Le projet OptoGenEYEsis : améliorer les traitements des maladies de la vision
Le projet de l’équipe iGEM Evry Paris-Saclay « OptoGenEYEsis » présenté à la Grand Jamboree iGEM 2023 vise à exploiter le potentiel de la biologie de synthèse et l’évolution dirigée pour améliorer l’efficacité, aujourd’hui insuffisante, des thérapies géniques des maladies de la vision.
L’objectif final est de transformer les cellules rétiniennes survivantes, mais non sensibles à la lumière, en photorécepteurs artificiels en introduisant des opsines microbiennes.
En effet, ces traitements utilisent les propriétés de ces protéines photosensibles. L’approche, appelée « optogénétique », combine les principes de la biophotonique (l’utilisation de la lumière pour l’étude du vivant) et du génie génétique, d’où le nom donné par l’équipe iGEM Évry Paris-Saclay au projet présenté à la Grand Jamboree iGEM 2023.
Les opsines sont naturellement présentes dans nos cellules photoréceptrices et transforment la lumière en un signal électrique que notre cerveau perçoit et traduit en image. Chez les personnes atteintes de dégénérescence maculaire liée à l’âge (DMLA) ou de rétinite pigmentaire, les cellules photoréceptrices se dégradent progressivement, et les opsines qu’elles produisent disparaissent avec elles. Cela conduit à une perte de vision, puis une cécité.
La thérapie génique consiste à faire produire des opsines aux cellules neuronales qui subsistent, normalement non productrices. Les opsines animales sont trop complexes mais il est possible d’y parvenir avec des opsines microbiennes, de fonctionnement plus simple et dont les gènes, plus petits, peuvent être insérés dans des vecteurs de thérapie génique.
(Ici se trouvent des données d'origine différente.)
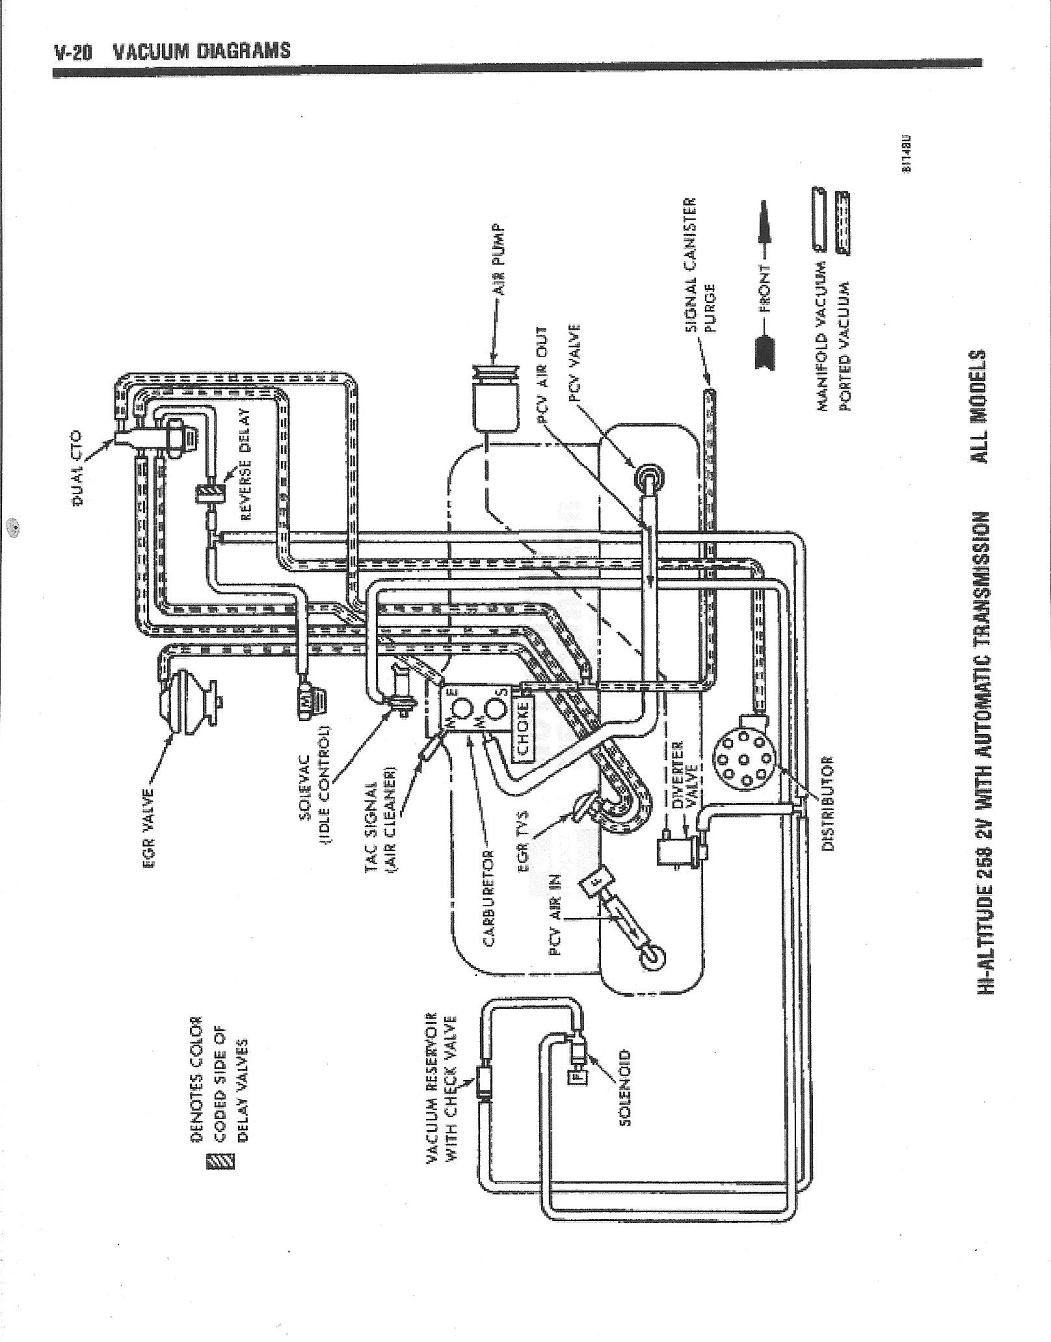 81-vacuum-layout002.jpg
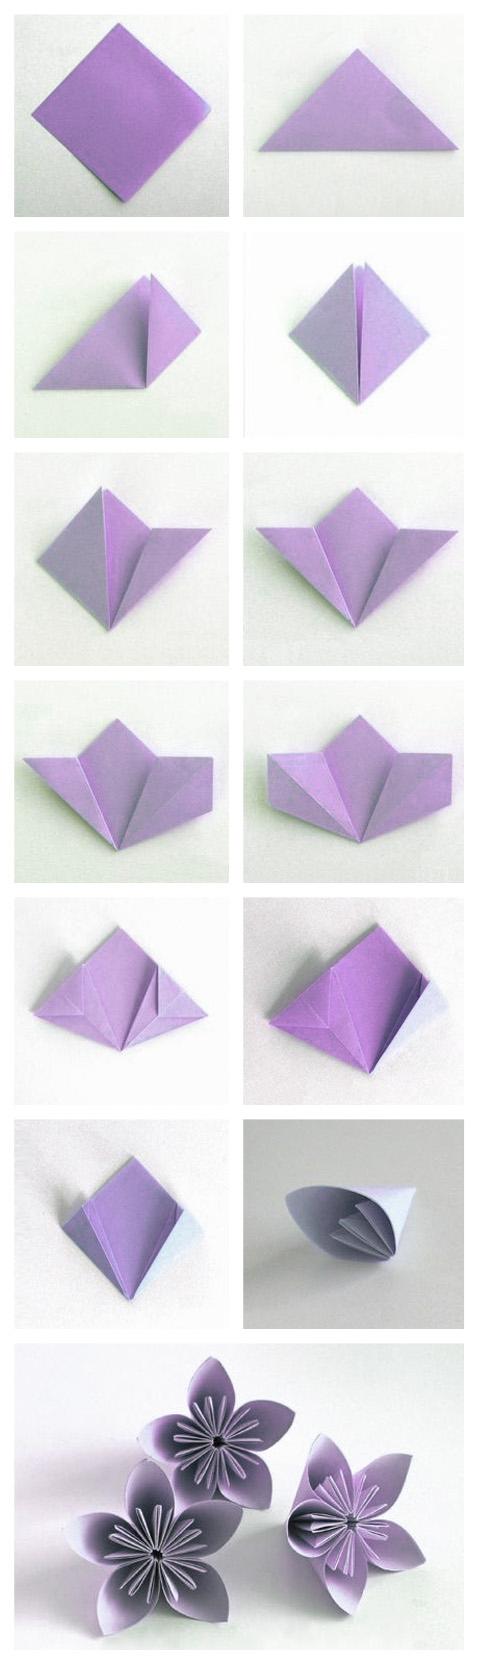 Diy Z Dekoria Pl Embroidered Towels Origami Crafts

Cependant, les opsines microbiennes actuellement testées en essai clinique révèlent un spectre d’absorption étroit, une faible sensibilité à la lumière et une conversion peu efficace de la lumière en signal électrique dans le système nerveux.
Comment optimiser les opsines microbiennes ?
C’est ce que l’équipe iGEM Évry Paris-Saclay a entrepris de résoudre dans son projet OptoGenEYEsis, en travaillant sur plusieurs axes :
- La recherche d’opsines plus efficaces dans la nature, en suivant les conseils des chercheurs de Genoscope impliqués dans le projet Tara Oceans, à partir des données de séquences d’ADN de micro-organismes marins, vivant pour certains dans des profondeurs de faible intensité lumineuse ;
- La recherche d’une méthodologie de criblage des opsines et le développement de l’outil technologique associé ;
- L’obtention d’opsines améliorées par évolution dirigée, à l’aide de l’outil Evolution.T7 développé par l’équipe iGEM Évry Paris-Saclay en 2021
- Pour améliorer l’identification d’opsines performantes, le développement d’un appareillage permettant l’automatisation du criblage par microfluidique digitale.
La méthode, émergente et extrêmement prometteuse, automatise à très haut débit non seulement le test d’efficacité des opsines dans des micro-gouttes d’eau, mais permet aussi d’automatiser la quasi-totalité des protocoles de laboratoire mis en œuvre tout au long du projet.
C’est une véritable micro-biofonderie multifonction, pilotée par intelligence artificielle.
C’est ce dernier axe de travail qui a valu à l’équipe de remporter le prestigieux prix Best Hardware et d’être nominé pour le prix Best Software Tool.
Ce prix spécial place l’équipe d’Évry Paris-Saclay en tête d’une centaine d’équipes en lice dans la catégorie Overgrade (plus de 23 ans), représentantes pour certaines d’universités de niveau mondial (MIT, Harvard, Stanford…), et la nomination pour le prix Software la classe parmi les 4 meilleures équipes Overgrade.
Le dernier prix remporté par les équipes de Paris-Saclay, le prix Best Human Practices, datait de 2013.